Aww, my last set of sidebars for this book!

In the first sidebar of the chapter, Baty gives advice on getting people to read your novel. Make sure they have similar taste to yours, and that they can give the criticism in a way you can handle hearing. Tell them exactly what you want them to look for, and then really listen when they give you their feedback.

Make a "blooper reel" where you plop everything you decide to cut from your novel. They could come in handy some day.

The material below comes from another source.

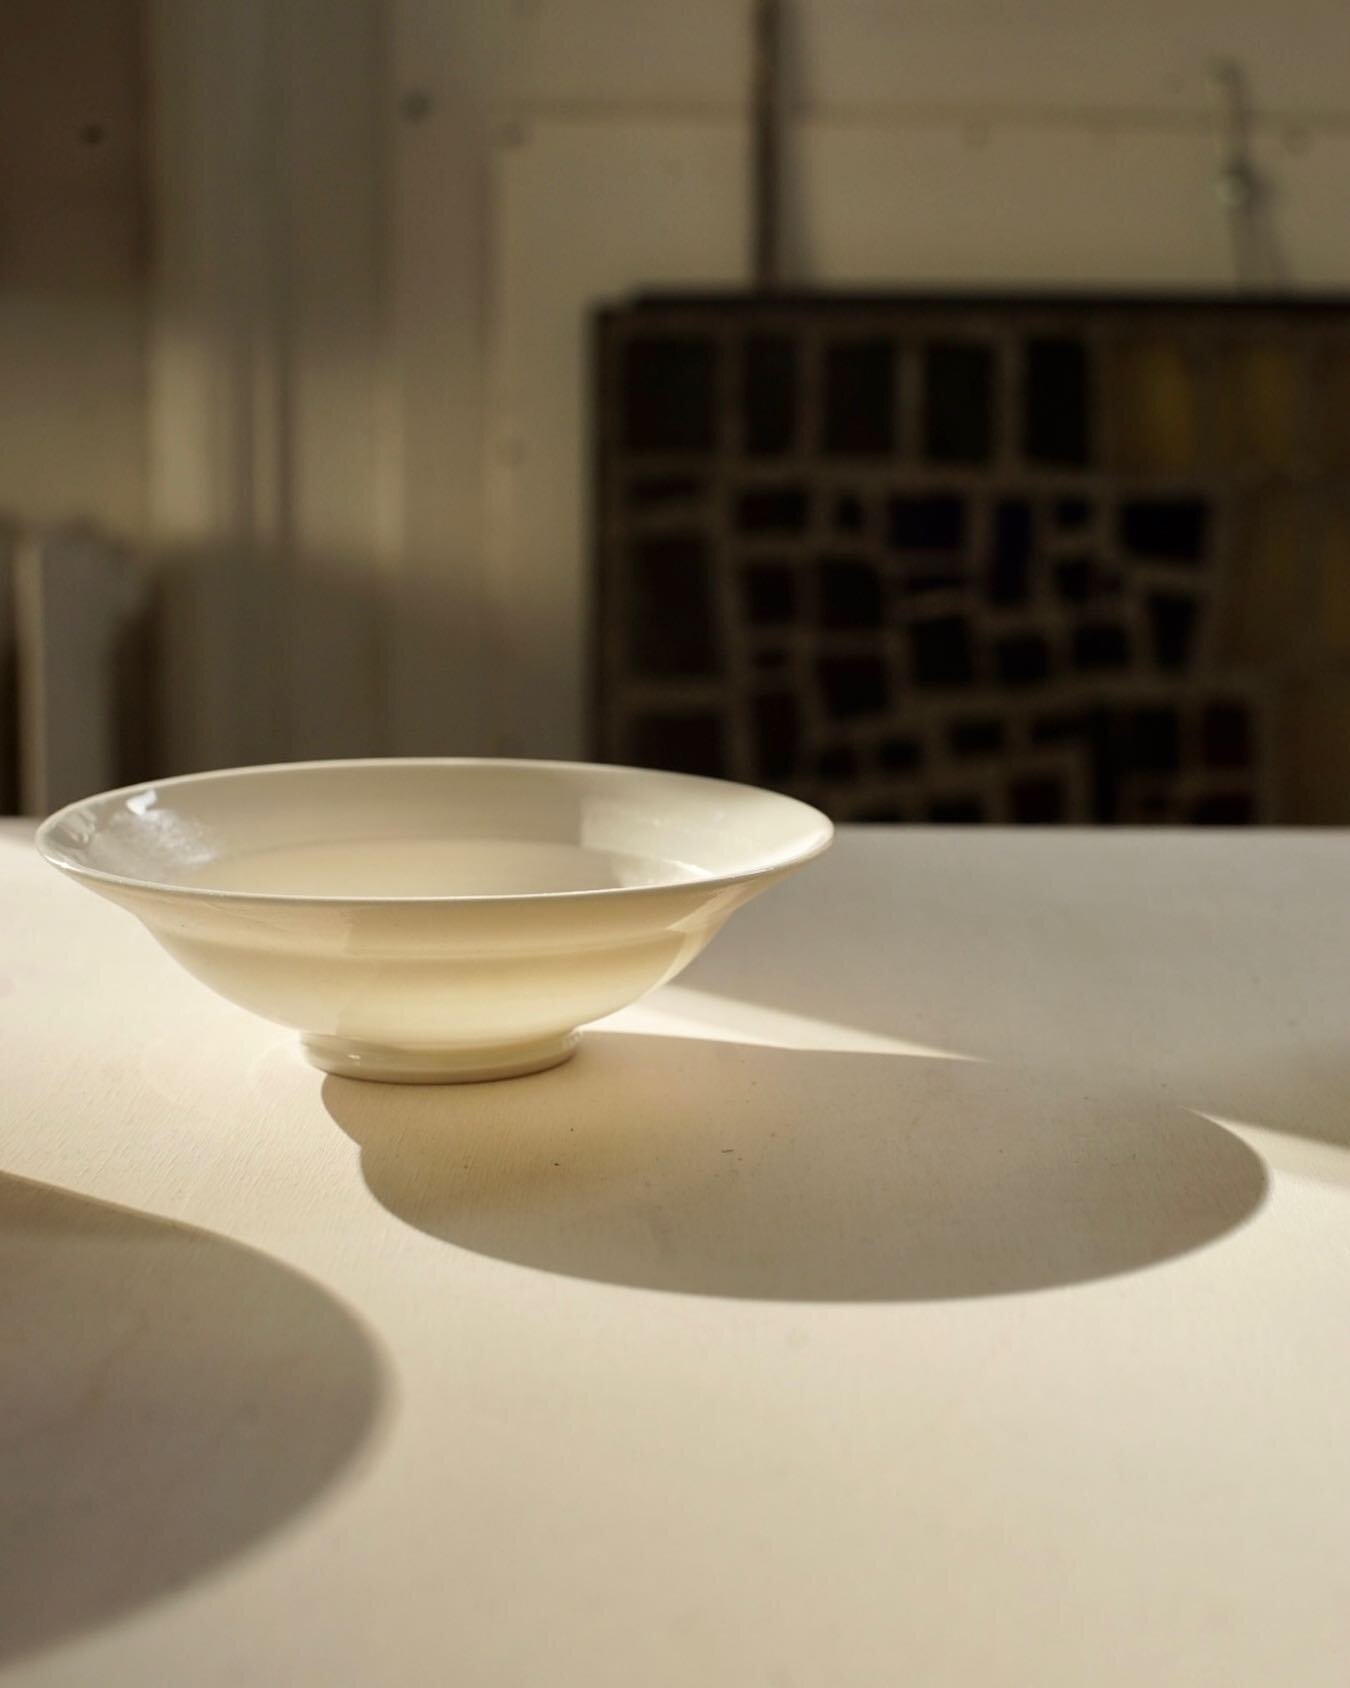 Leuchtend mit ein wenig Sonnenstrahlen. 

#porzellan #ceramics #keramik #handgemacht #zurich #shine #strahlen #studio #artstudio

The third is another anecdote from a past winner. She was a successful, published author who was in a slump, and NaNoWriMo knocked her out of it.

Likewise the fourth. She wrote a novel for NaNoWriMo... and lucked into an awesome agent.

Sidebar the fifth warns that rewriting your novel takes about a year, give or take. You might get it done in less, especially if you put in the 50 hours of NaNoEdMo (National Novel Editing Month).

The sixth sidebar provides some advice from a literary agent: make sure your manuscript is polished before you submit it; research to make sure the agents you submit to are good fits;  query multiple agents simultaneously; package everything neatly and professionally; be patient.